= Central State Historical Archives of Ukraine in Kyiv =

The Central State Historical Archive of Ukraine in Kyiv (CSHAK) is one of the oldest and biggest archives in Ukraine, located at the Taras Shevchenko National University of Kyiv. It was founded in 1852 for storage of the work accomplished by the Kyiv Archeographic Commission.

== Description ==
The CSHAK contains documents on the history of Ukraine from the 19th century to the founding of the Grand Duchy of Lithuania and the Commonwealth (from the 14th to the end of the 18th century), as well as the Russian Empire (from the first half of the 17th century to the February Revolution of 1917 in Russia). There are also documents on the history of the Hetmanate (the other half of the 17th century to the 18th century).

The CSHAK stores documents about the history of Ukraine from 1369 until 1917. The oldest document is a certificate of Rus' praepostor Otto from Pilche dated 1369.
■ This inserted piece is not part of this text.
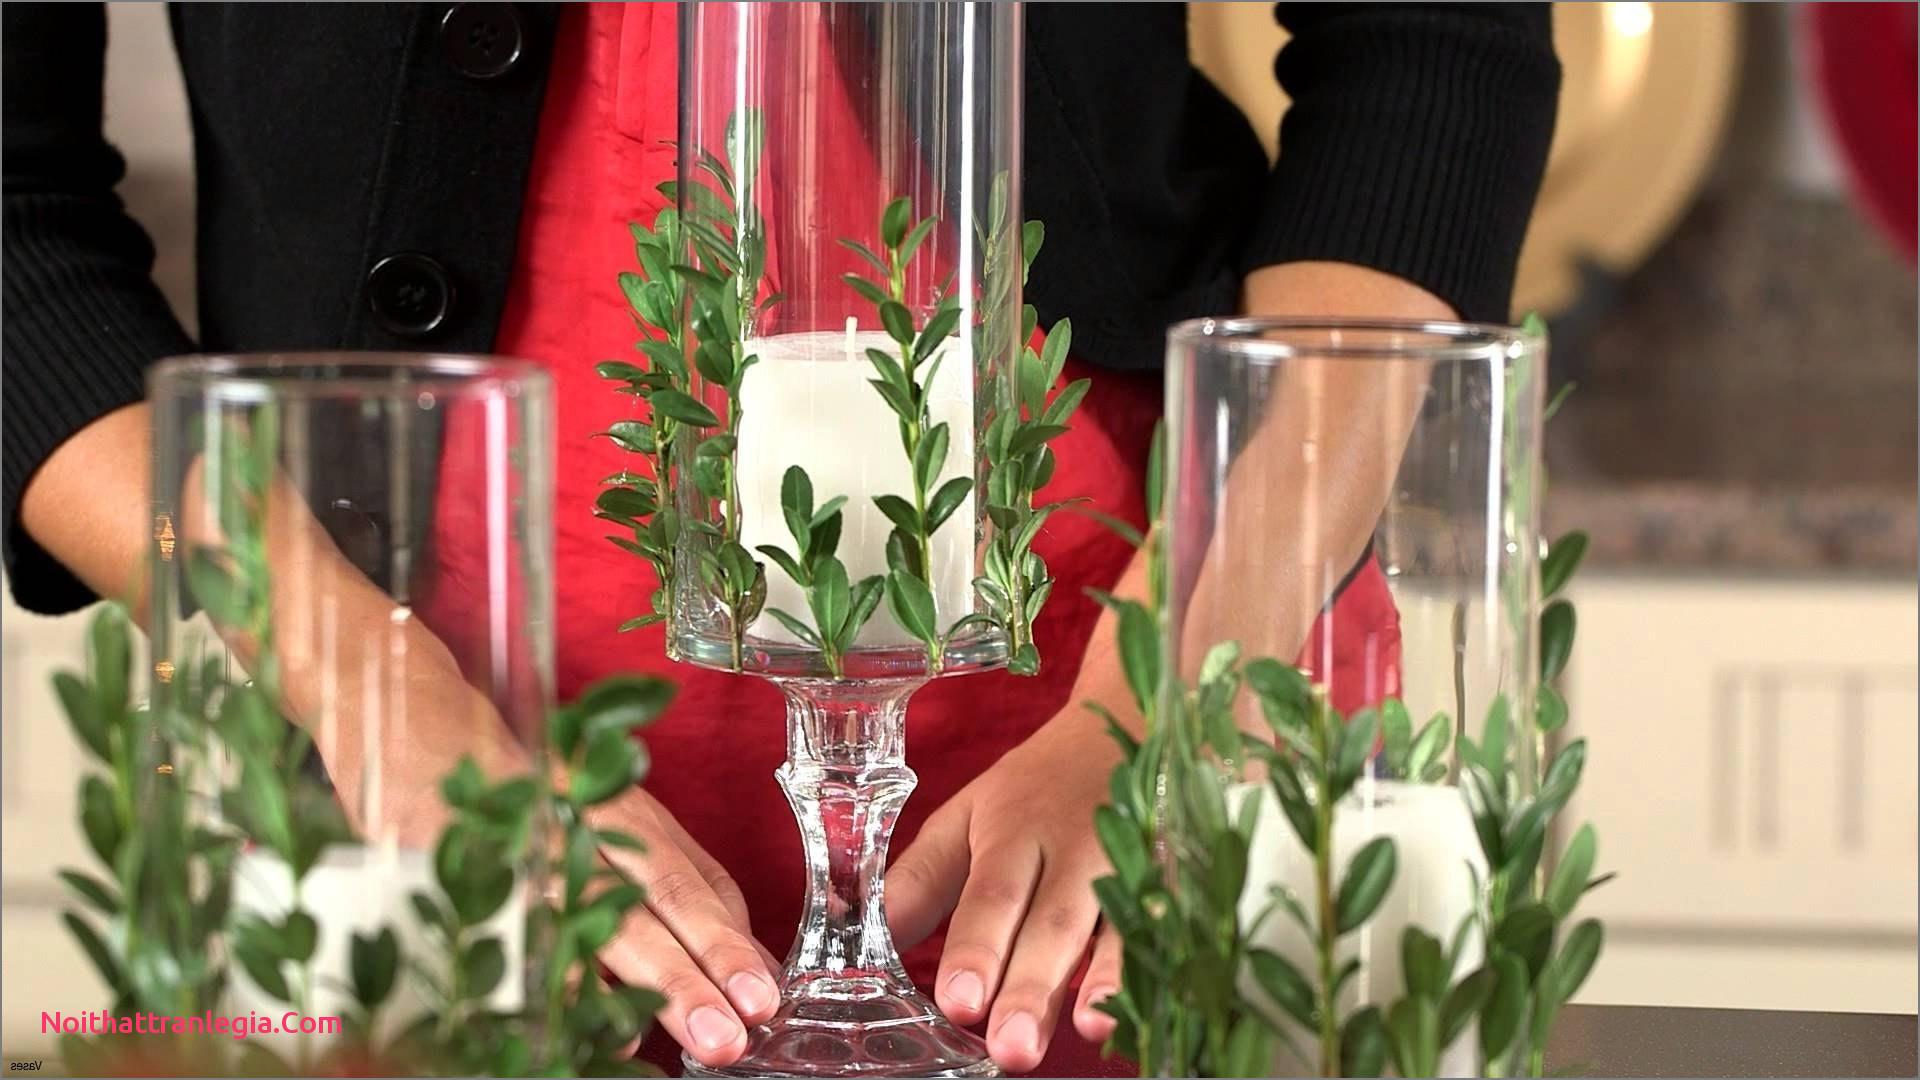 miniature glass vases wholesale of 20 wedding vases noithattranlegia vases design with regard to wedding centerpiece decoration ideas unique dollar tree wedding decorations awesome h vases dollar vase i 0d

The CSHAK contains 2245 funds. Some of the archival funds are presented online.

== History ==
The archive was founded in 1852 as Kyiv Central Archive in the university of St. Volodymyr. Eventually it received funds from the Central Revolution Archive in Kharkiv and Kyiv Oblast Archive. During the occupation of Ukraine by Nazi Germany, the KCADA lost two-thirds of its holdings. Only what the Nazis had taken out of the city before the Soviet invasion of Kyiv survived.

In 2018, archivist and genealogist Alex Krakovsky filed a lawsuit against the archive for refusing to provide paid services to him for copying 100 sheets of archival documents dated from 1767. By the decision of the District Administrative Court of Kyiv, the legal statutes used to deny services to private citizens was declared illegal under Ukrainian law.